Большой икарус, принадлежащий нашей спортивной базе, забрал нас рано утром. Я заняла место у окна, кинув рядом свой рюкзак в надежде, что этот знак будет верно расценён. Но мне не повезло. Нагло сбросив мои вещи на пол, рядом присела Катюша.

Она была старше меня на пару лет, являлась посредственной гимнасткой, каких множество. На тренировках с блеском выполняла элементы, но стоило предстать перед судьями, терялась, совершала ошибки. Тренер отправляла к психологу, чтобы разобрать причину, по которой она не может собраться на соревнованиях, но она отказалась. Конечно, мои победы её никогда не радовали, и она часто отпускала саркастические шуточки на тему того, что мне просто повезло оказаться среди слабых соперниц и что своим тщедушным телом я только пугаю судей.

Именно из-за таких, как она, я старалась ни с кем из девочек не общаться. Не получалось у меня с ними дружбы, между мной и остальными, менее успешными спортсменами нашей тренировочной базы, стояла стена моих успехов. Да, я отлично понимала, что всегда найдётся кто-то более физически одарённый, талантливый, удачливый. Но сейчас я оставалась одной из сильнейших гимнасток страны, и это всё меняло.

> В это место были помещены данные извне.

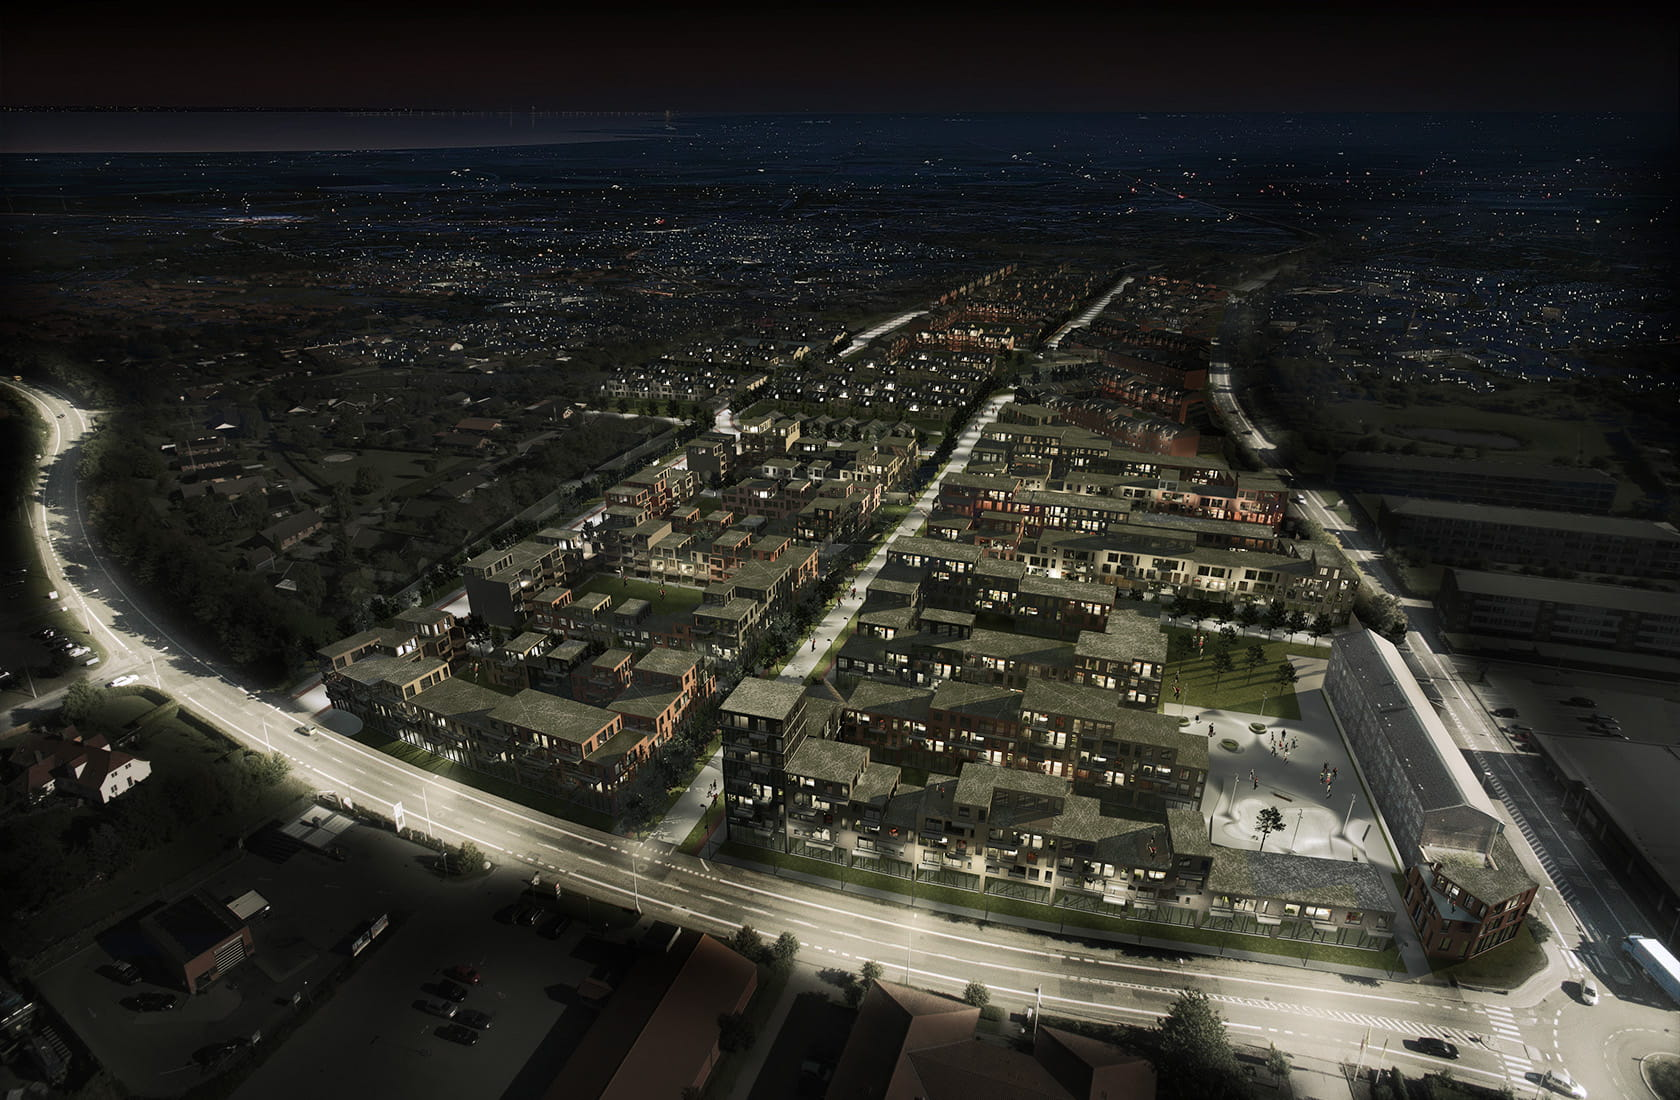 Visionsplan Ringparken night overview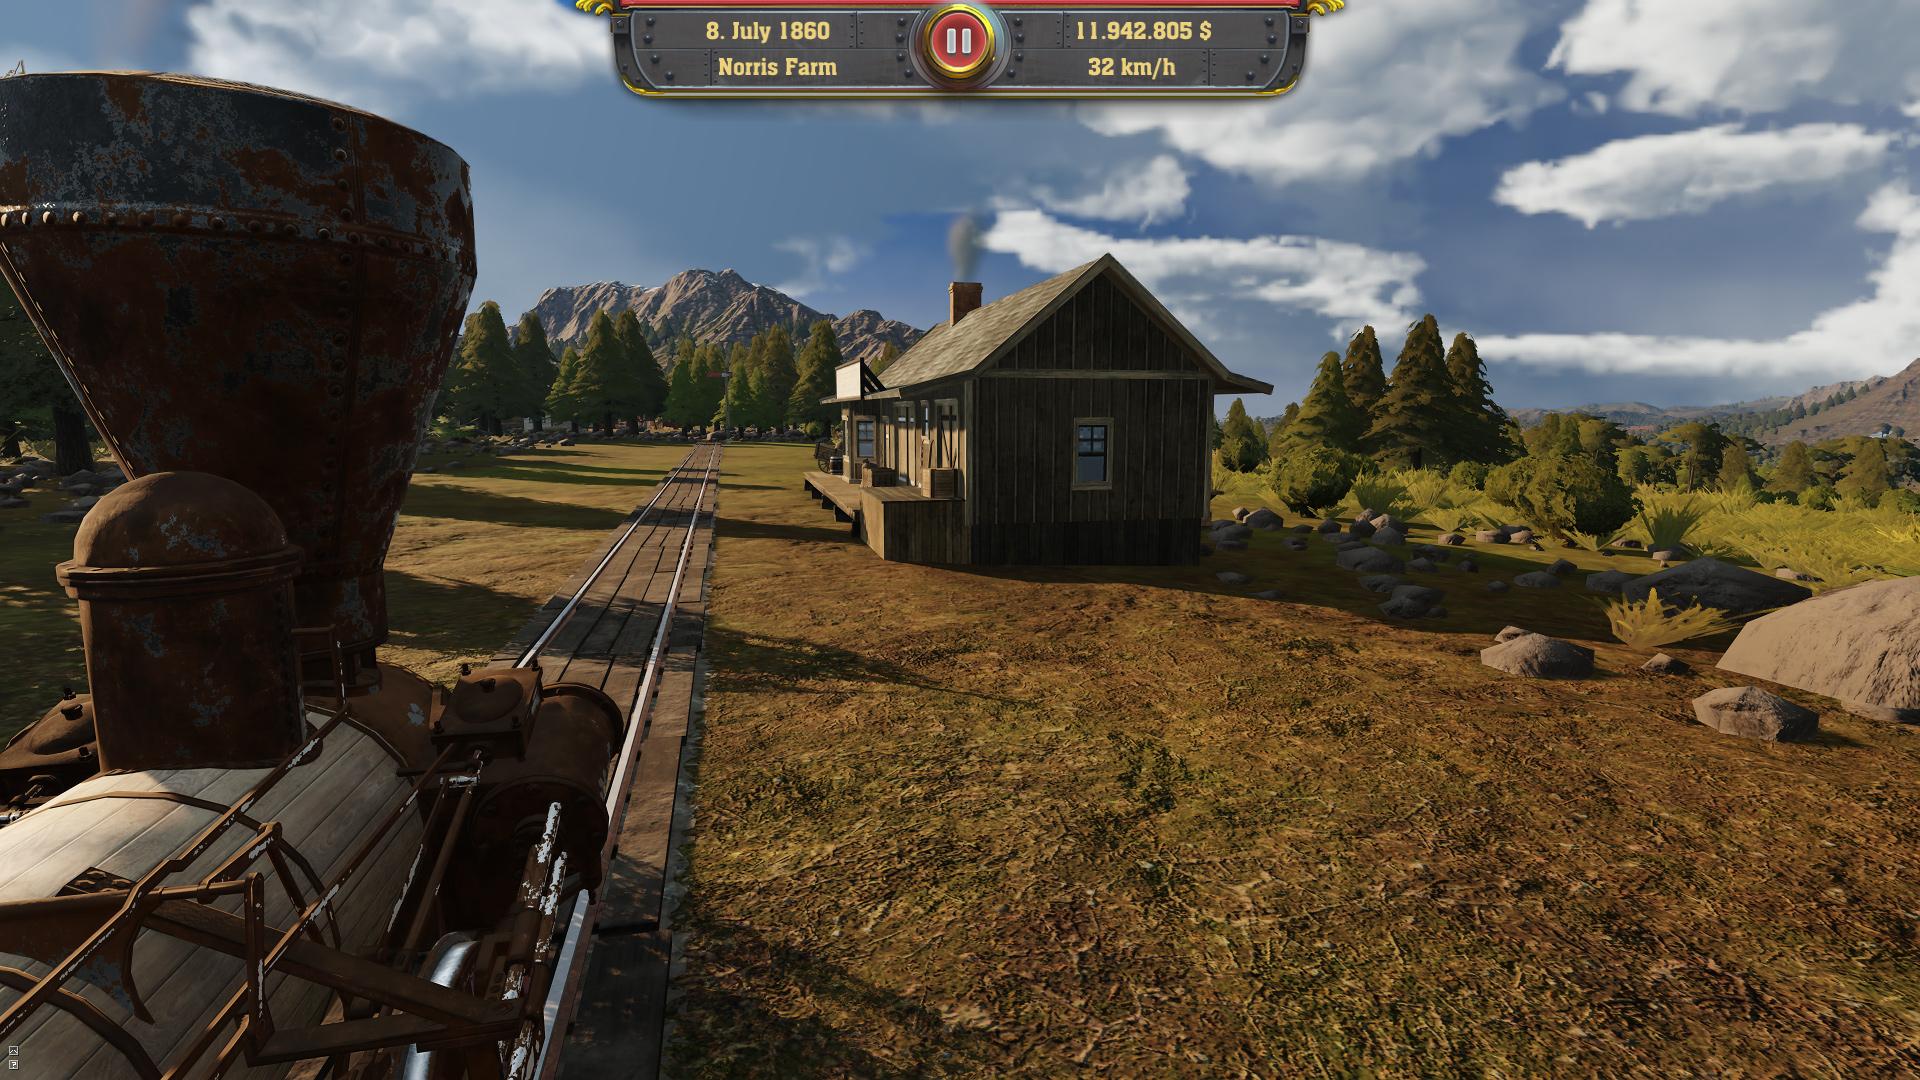 Railway Empire 02 - Railway Empire angekündigt - Tycoon-Simulation-Game

Да, мне нравилось быть лучшей из лучших, находиться в центре внимания, слышать аплодисменты. Не только потому, что я была тщеславной, хотя, наверное, в какой-то степени так и было, ведь в нас с детства закладывают нацеленность на победу. Если нет стремления быть первым – в спорте нечего делать. Но по большей части потому, что я получала колоссальную энергию на соревнованиях, она питала меня, наполняла силой, и, стоя на пьедестале, я испытывала ни с чем не сравнимые ощущения. Адреналин в моей крови зашкаливал, превышал все допустимые пределы и дарил дикое удовольствие. Кто-то ищет его в прыжках с парашютом, быстрой езде, опасных видах спорта, а я там – на соревнованиях, на помосте. И сейчас, будучи травмированной, у меня возникала мучительная ломка по этому чувству. Гимнастика была моим наркотиком, поэтому я так стремилась восстановиться и вернуться.

– Видела твоего парня вчера в «Солярисе», – растягивая слова, начала она, упоминая о самом популярном в городе ночном заведении, – с какой-то моделью.

Сердце болезненно сжалось в груди от этой новости. А чего я ждала, что он, как меня, проводит до двери или попьёт чай вместе с бабушкой и пожелает спокойной ночи?

– Мне так жаль, что вы расстались, – продолжила она, не обращая внимания на моё молчание, – этот красавчик, конечно, не мог бы долго быть с такой, как ты. Но ты не расстраивайся, для тебя же самое главное – тренировки.

Я поморщилась, продолжая смотреть в окно, чувствуя, как она покидает соседнее кресло. Мне хотелось ответить что-то острое, колкое, в голове крутились подходящие фразы, да только к чему злить её сильнее, чем она уже была, больше она ненавидеть меня тоже уже не сможет.

Уже стоя в проходе, Катя приблизила ко мне своё лицо, заглядывая в глаза, и прошептала, так что нас больше никто не слышал:

– И, кстати, на твоём месте я бы держалась подальше от Кирилла.